Coconut macaroons cake
What do you need:
Springform pan dia 18 cm
For the coconut macaroon cake:
- 150 g coconut grater
- 120 ml egg whites (about 4 eggs) or 10 tbsp aquafaba (chickpea liquid) *
- 50 to 100 g Greensweet Erythritol
- 60 g almond flour
- 50 g (lactose-free or vegetable) quark
- 25 g coconut oil
For the topping:
- Soy whipped cream as desired
This is how you make this delicious cake:
- Preheat your oven to 180 degrees. Put baking paper in the spring form and grease the sides.
- Separate the whites from the yolks, use ready-made egg whites or use aquafaba for a vegetable version.
- Using a food processor or mixer, mix the egg whites or aquafaba together with the erythritol or maple syrup on the highest setting until it is stiff.
- Melt the coconut oil and stir in the curd cheese.
- Mix the coconut with the almond flour and stir well.
- Now fold all this carefully into the beaten egg whites or aquafaba.
- Divide the coconut mixture over the bottom of the spring form and put it in the oven for 20 minutes.
- Let the coconut macaroon cake cool down and decorate the coconut macaroon cake for an optimal party with whipped cream and a hint of lemon curd and raspberries.

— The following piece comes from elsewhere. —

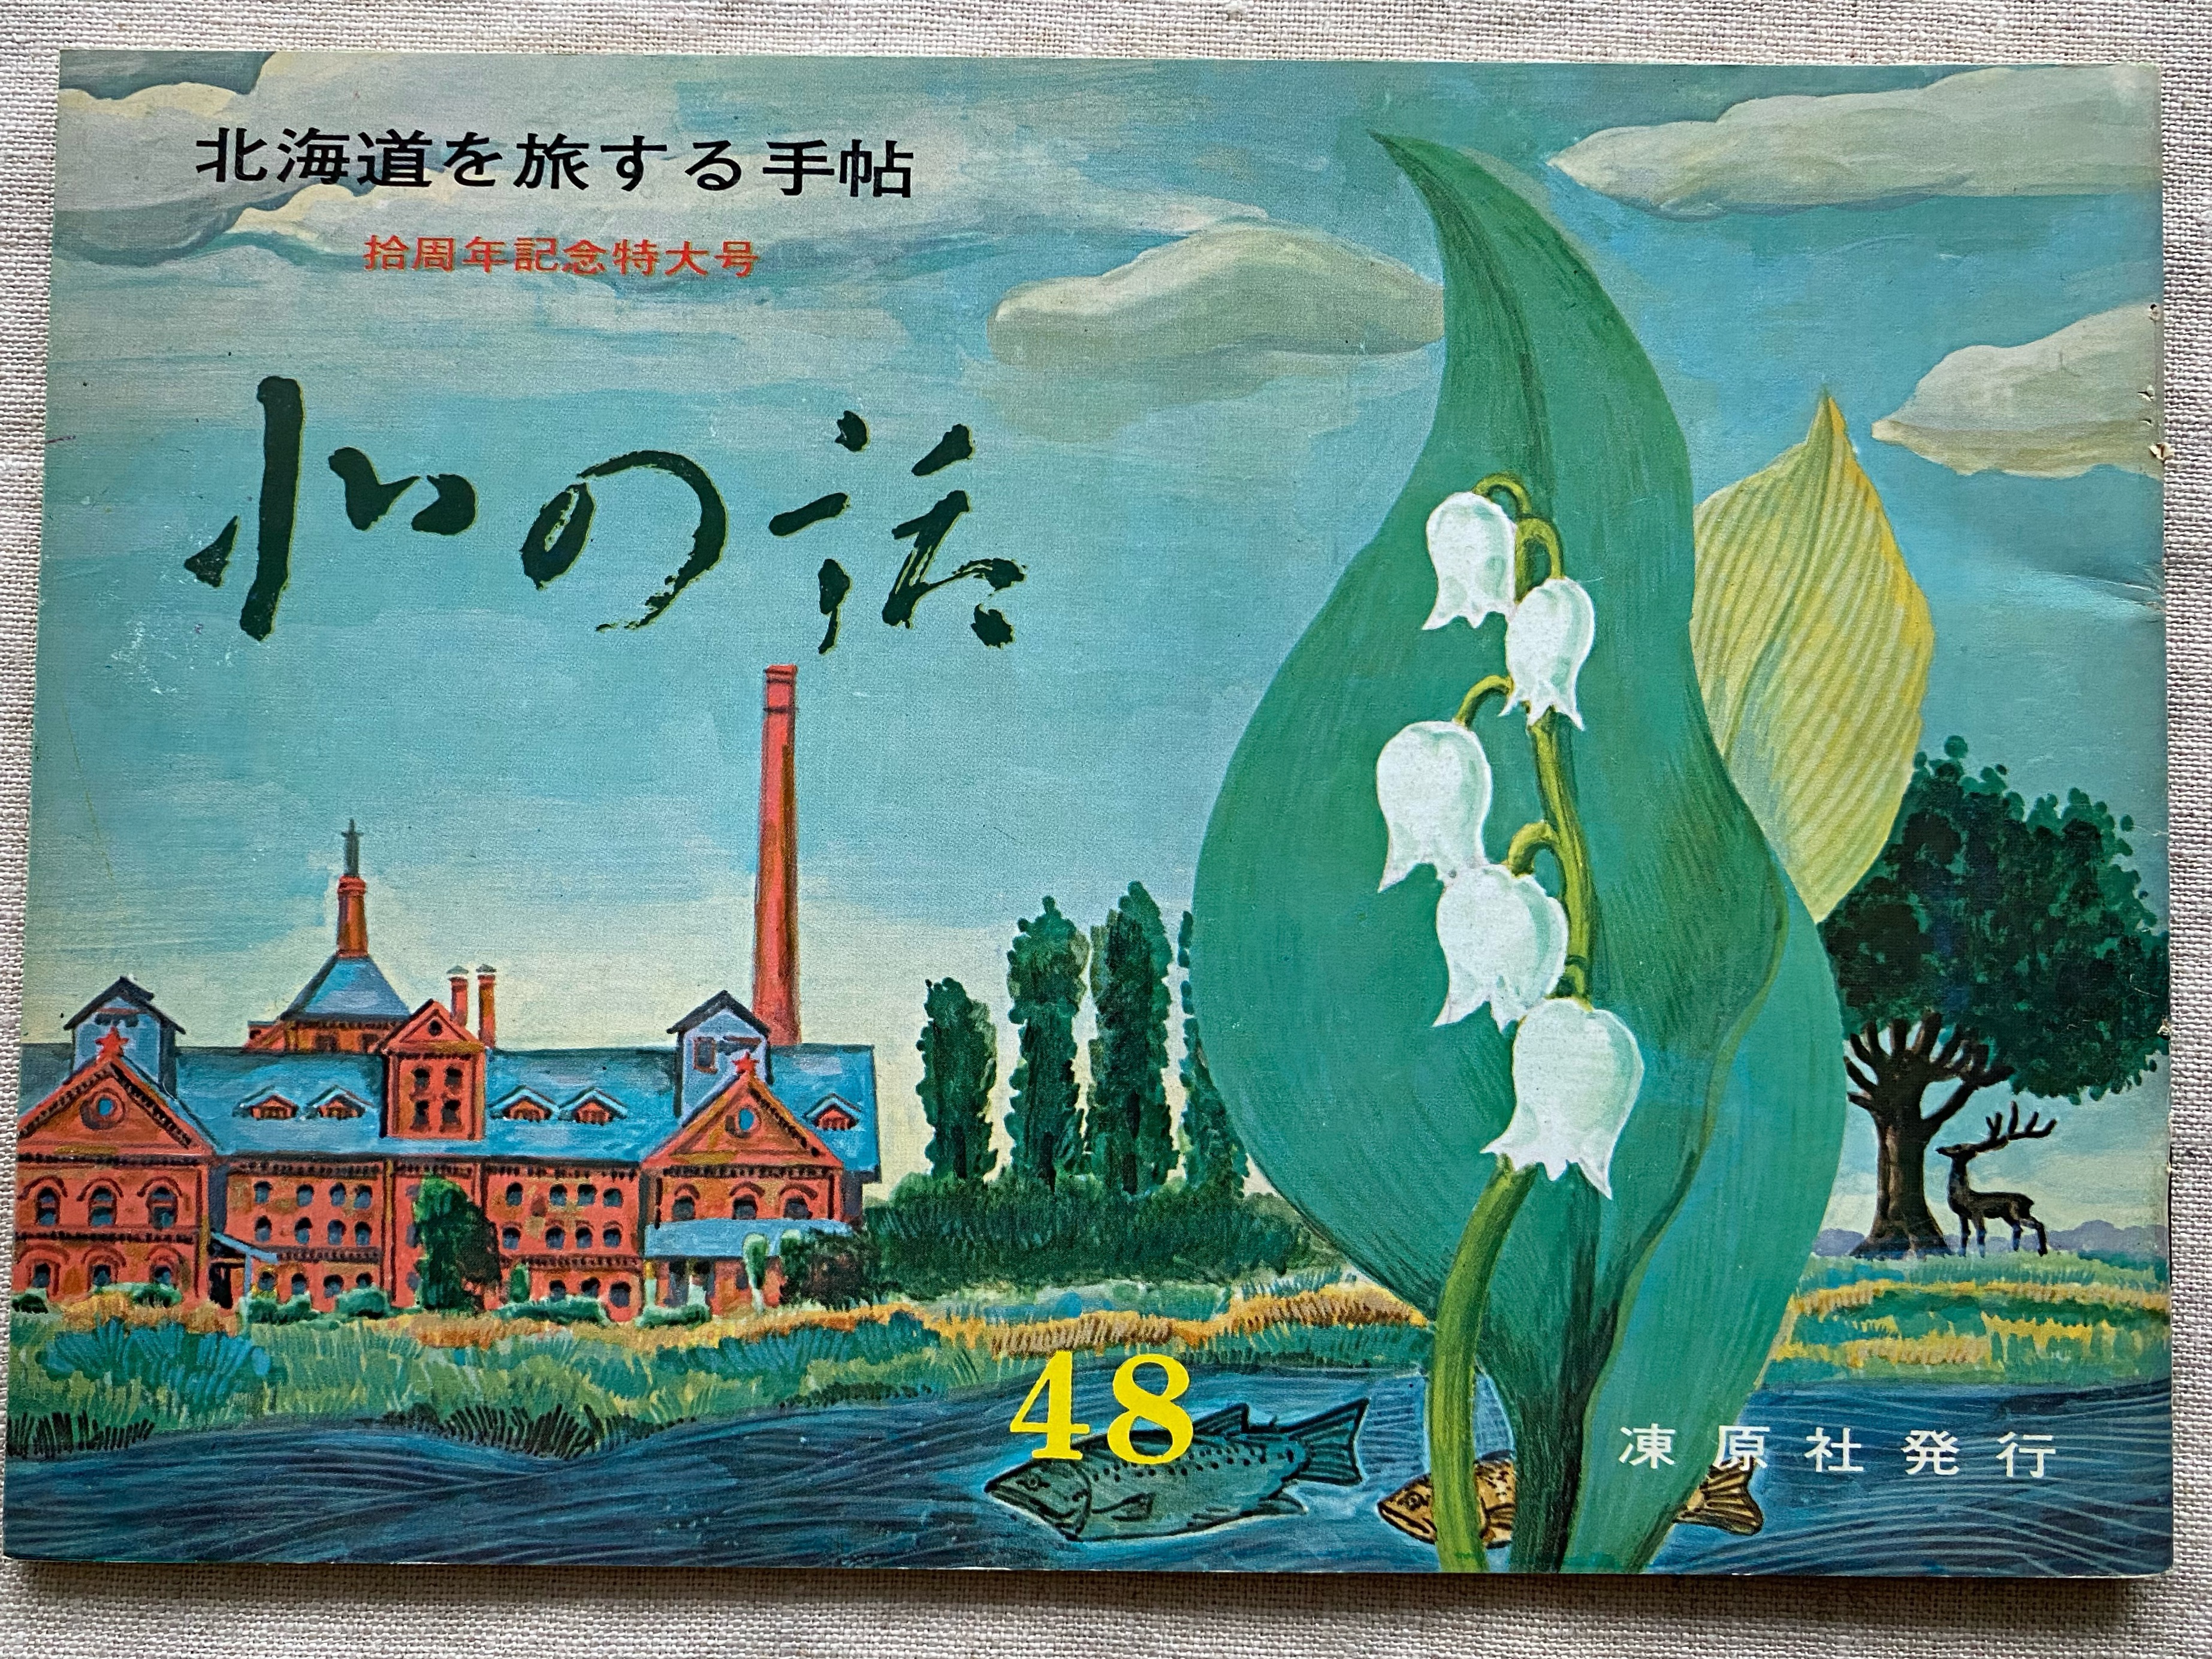 「北の話」48号。表紙には、スズランの花、赤レンガの工場、ポプラ並木が描かれている。

- Serve the cake with a smile and enjoy!
It sounds strange, but aquafaba is simply the viscous moisture of beans in pots and cans (aqua = water, faba = bean). If you want to use aquafaba as a protein substitute, choose chickpeas or white beans. Other beans are not neutral enough in taste. You drain your chickpeas, as usual, but you collect the moisture in a bowl. Then you have a thick, protein-like stuff and - the word says it all - that's a protein substitute that you can use for everything from cocktails to cakes and from mayonnaise to meringues. For real! Chickpea water meringue, it's delicious.